[THE PROBLEM]: Within the listing below, the lines to output run from the one containing "Toggl Track: Your" through the one containing "Dystonia Warrior Not"; copy them exactly and nothing else.

[RECORDS SHOWN]:
= = = =

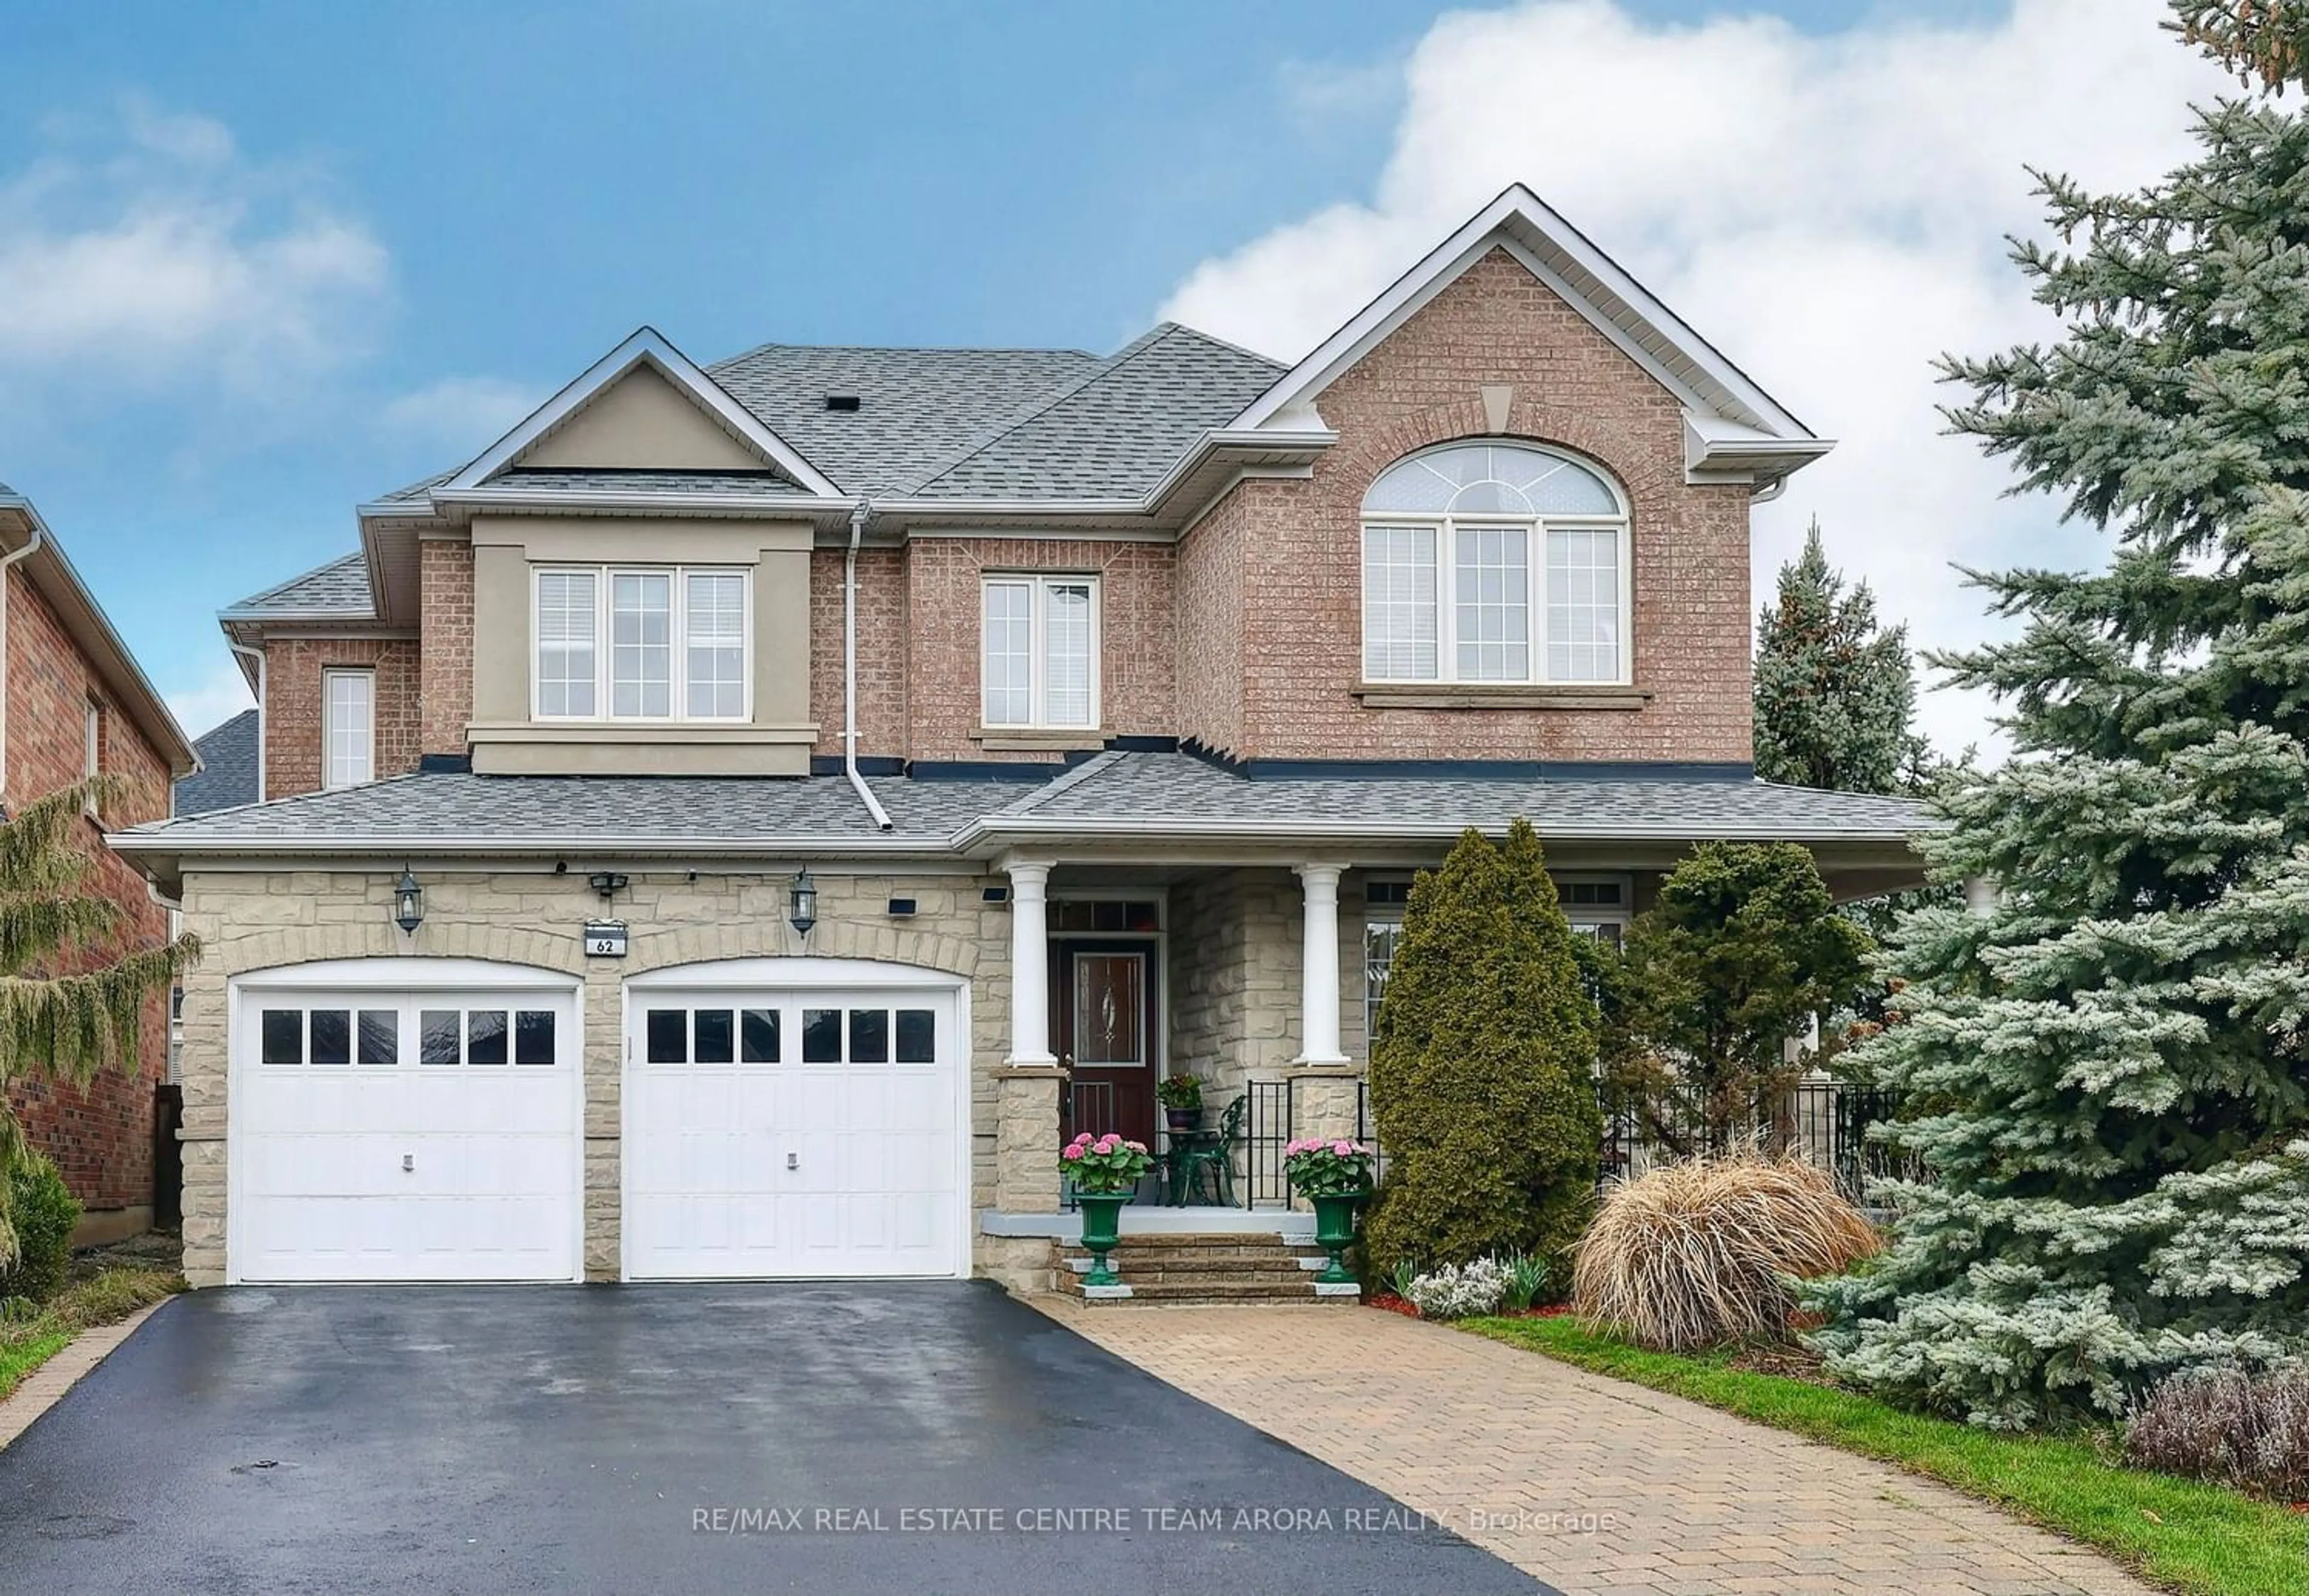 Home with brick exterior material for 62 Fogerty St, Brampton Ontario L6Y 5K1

= = = =

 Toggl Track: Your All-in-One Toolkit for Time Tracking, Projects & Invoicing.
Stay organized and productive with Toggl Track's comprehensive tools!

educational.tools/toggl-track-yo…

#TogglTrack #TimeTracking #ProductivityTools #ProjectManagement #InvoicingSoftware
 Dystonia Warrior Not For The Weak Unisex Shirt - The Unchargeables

= = = =

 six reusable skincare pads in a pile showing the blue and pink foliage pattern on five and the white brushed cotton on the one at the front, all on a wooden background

= = = =

[EXERCISE RESPONSE]:
 Toggl Track: Your All-in-One Toolkit for Time Tracking, Projects & Invoicing.
Stay organized and productive with Toggl Track's comprehensive tools!

educational.tools/toggl-track-yo…

#TogglTrack #TimeTracking #ProductivityTools #ProjectManagement #InvoicingSoftware
 Dystonia Warrior Not For The Weak Unisex Shirt - The Unchargeables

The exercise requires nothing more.